If you’re looking for great places to live–or simply a fascinating blog–Check out Sanphillippo’s Granola Shotgun, where he tours the country looking for what’s next, taking pictures, talking to locals and presenting myriad options for living an affordable, urban life.

image via Urbancincy

  • Ris

    Chiming in to say that Pittsburgh is NOT walkable and the airport is awful. I moved here four years ago from Chicago, which is truly walkable and has great public transit (and two good airports) and wow that was a wakeup call. What Pittsburgh does have is affordable real estate, so at least Sanphillippo gets that part right.

  • WithheldName

    Many of these second-tier historic American cities like Cincinnati and Louisville haven’t aged well. (They don’t call it the Rust Belt for nothing.) Most of their downtowns were hollowed out in the post-war boom years with urban renewal projects like downtown loop expressways, waterfront expressways, public housing projects, and monolithic downtown high-rises surrounded by empty plazas and oceans of parking lots. Suburban flight dominated for decades as the central city housing stock deteriorated. The street car lines were replaced by bus routes for the transit-dependent underclass. Only selected Victorian and Bungalow enclaves remained intact. Manufacturing jobs vanished. Remaining jobs, primarily in “meds and eds” (hospitals and universities) increasingly relocated to the suburbs. The same with retail. The last of the downtown department stores coincided with new shopping malls in the suburbs.

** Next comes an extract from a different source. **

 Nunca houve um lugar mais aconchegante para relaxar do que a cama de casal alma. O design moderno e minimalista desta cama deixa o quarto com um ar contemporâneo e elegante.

    Luckily, these cities have been starting to reverse these trends in the last decade. But change is slow and generations of underinvestment in human-scale cities has made the task of restoring them seem overwhelming. If you relocate to Cleveland looking for a Manhattan-like experience on the cheap, you probably won’t find it, unfortunately.

  • Reeve

    Granola Shotgun is one of my favorite sites! I definitely resonate with a lot of what Johnny writes about. Check out the site if you have not already.

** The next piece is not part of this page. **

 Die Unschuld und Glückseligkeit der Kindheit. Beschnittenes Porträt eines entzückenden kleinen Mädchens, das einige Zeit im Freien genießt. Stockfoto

  • Does anyone remember what New York was like in 1974 or 1981? Anyone? Have we all forgotten what a bankrupt, falling-apart, crime infested disaster Manhattan was? Forget about Red Hook, Williamsburg, or Boerum Hill. They were wastelands. Same for Hoboken. See also, nearly all of D.C., big chunks of Chicago, and even large swaths of San Francisco… My point isn’t that Rust Belt cities are as fabulous as the best fully gentrified places that are currently fashionable and fully fluffed. Instead, I’m pointing out that there are places that are a decade or two behind the economic and cultural cycle that are in the process of reviving and now is a good time to explore their long term potential. But hey, if you’ve got $900,000 for a 400 square foot condo in the West Village by all means – enjoy. For the rest of us… it’s either a tract house in Jersey or a second tier city elsewhere.

    • lifeedited

      there’s a 400 sq ft condo for only $900K in west village? where? i need it!

  • Trollopian

    I’m going to disagree with Ris. Pittsburgh is eminently walkable. So much so that I gave up my car six months ago and signed up for Zipcar instead. True, it helps to live in the right neighborhood (I live downtown; other good candidates include the Strip, Lawrenceville, Bloomfield, Oakland, Squirrel Hill, and the “T” suburbs of Beechview, Dormont, etc.). Going to the airport? Hop the 28X bus. There aren’t enough flights….I’ll grant Ris gets that right. But it’s not fair to expect O’Hare, either.